Necessity and lethargy shoved me back and forth like a pair of sixth grade bullies today (and that’s a class of humanity that I’m only too familiar with, even lo these many years later). Necessity won, more or less. It won in the sense that whatever I absolutely had to do today did get done. Lethargy’s role was keeping me from doing all the rest, the things I wanted to get behind me. Those tasks, I’m afraid, are still in front of me, and now with four days left in the week instead of five
The proof of my productivity lies in the pile of outgoing mail on the corner of my desk. It’s a little higher than you’d expect it to be on a Monday, mostly because I’m now cook— er, keeping the books for two companies instead of one. I did the payroll for the three kennel employees today, but I couldn’t do my own because (sigh) I didn’t get time cards from Tim. If I have to do a special payroll run just so I can make my rent payment on time, I will not be happy.

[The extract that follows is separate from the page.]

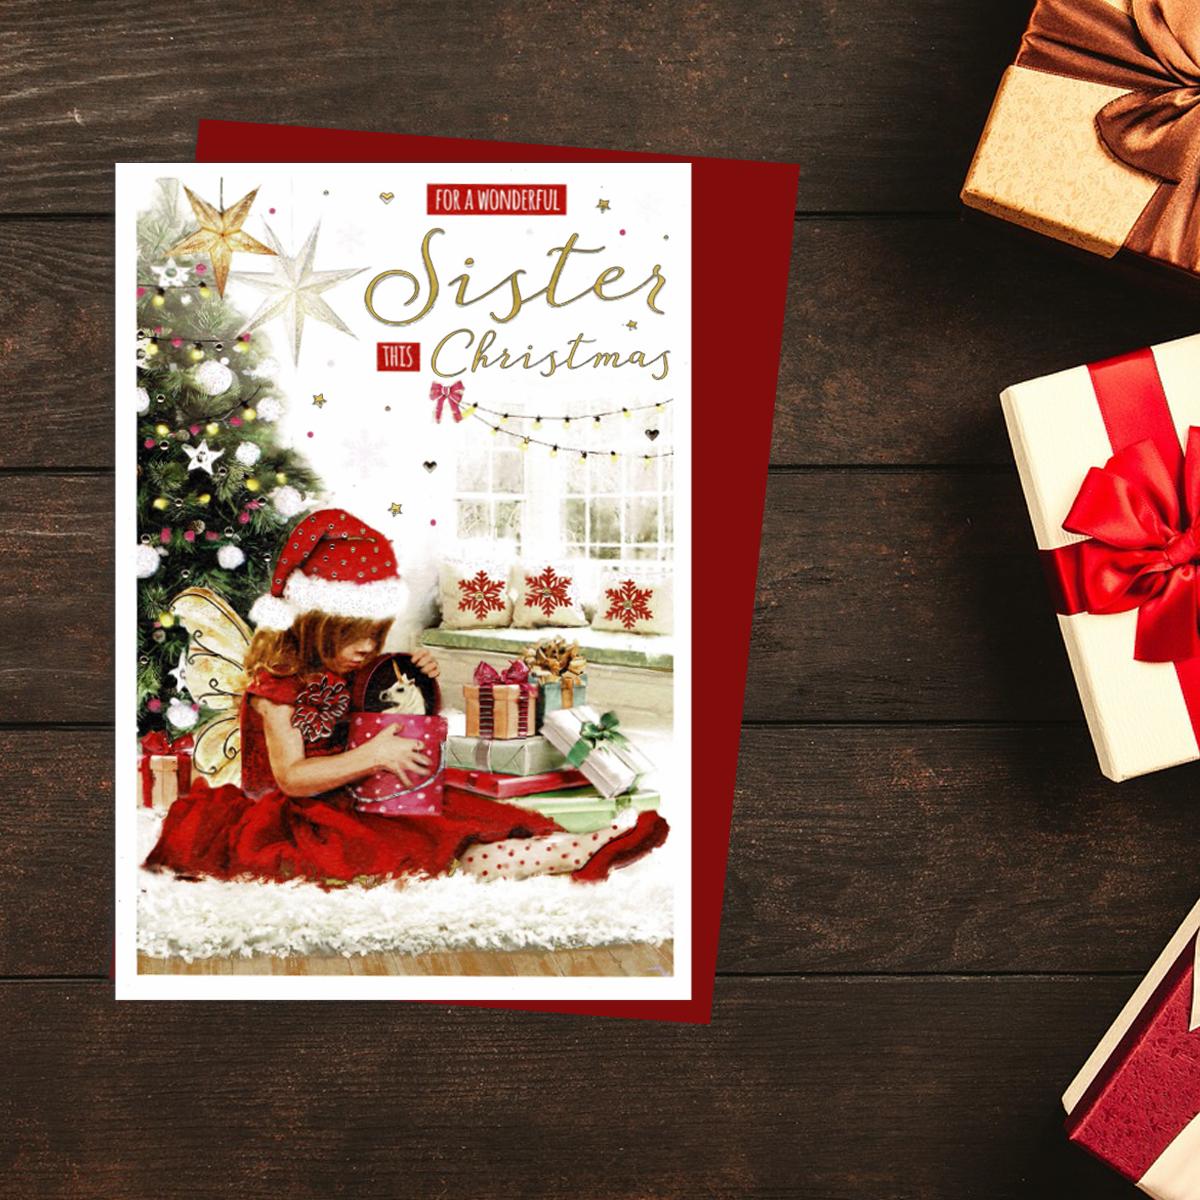 Sister Christmas Card Alongside Its Red Envelope

And yet that’s what it seems to be coming down to. I might end up doing half of the company payroll on each side of the first of the month, and I’m deliberately not thinking about what that will do to my already ragged bookkeeping system. I’m trying so hard not to let them know how much all this is affecting me, and yet I myself see it every day, in the way things get done less efficiently, or in a less timely manner, or in some cases not at all.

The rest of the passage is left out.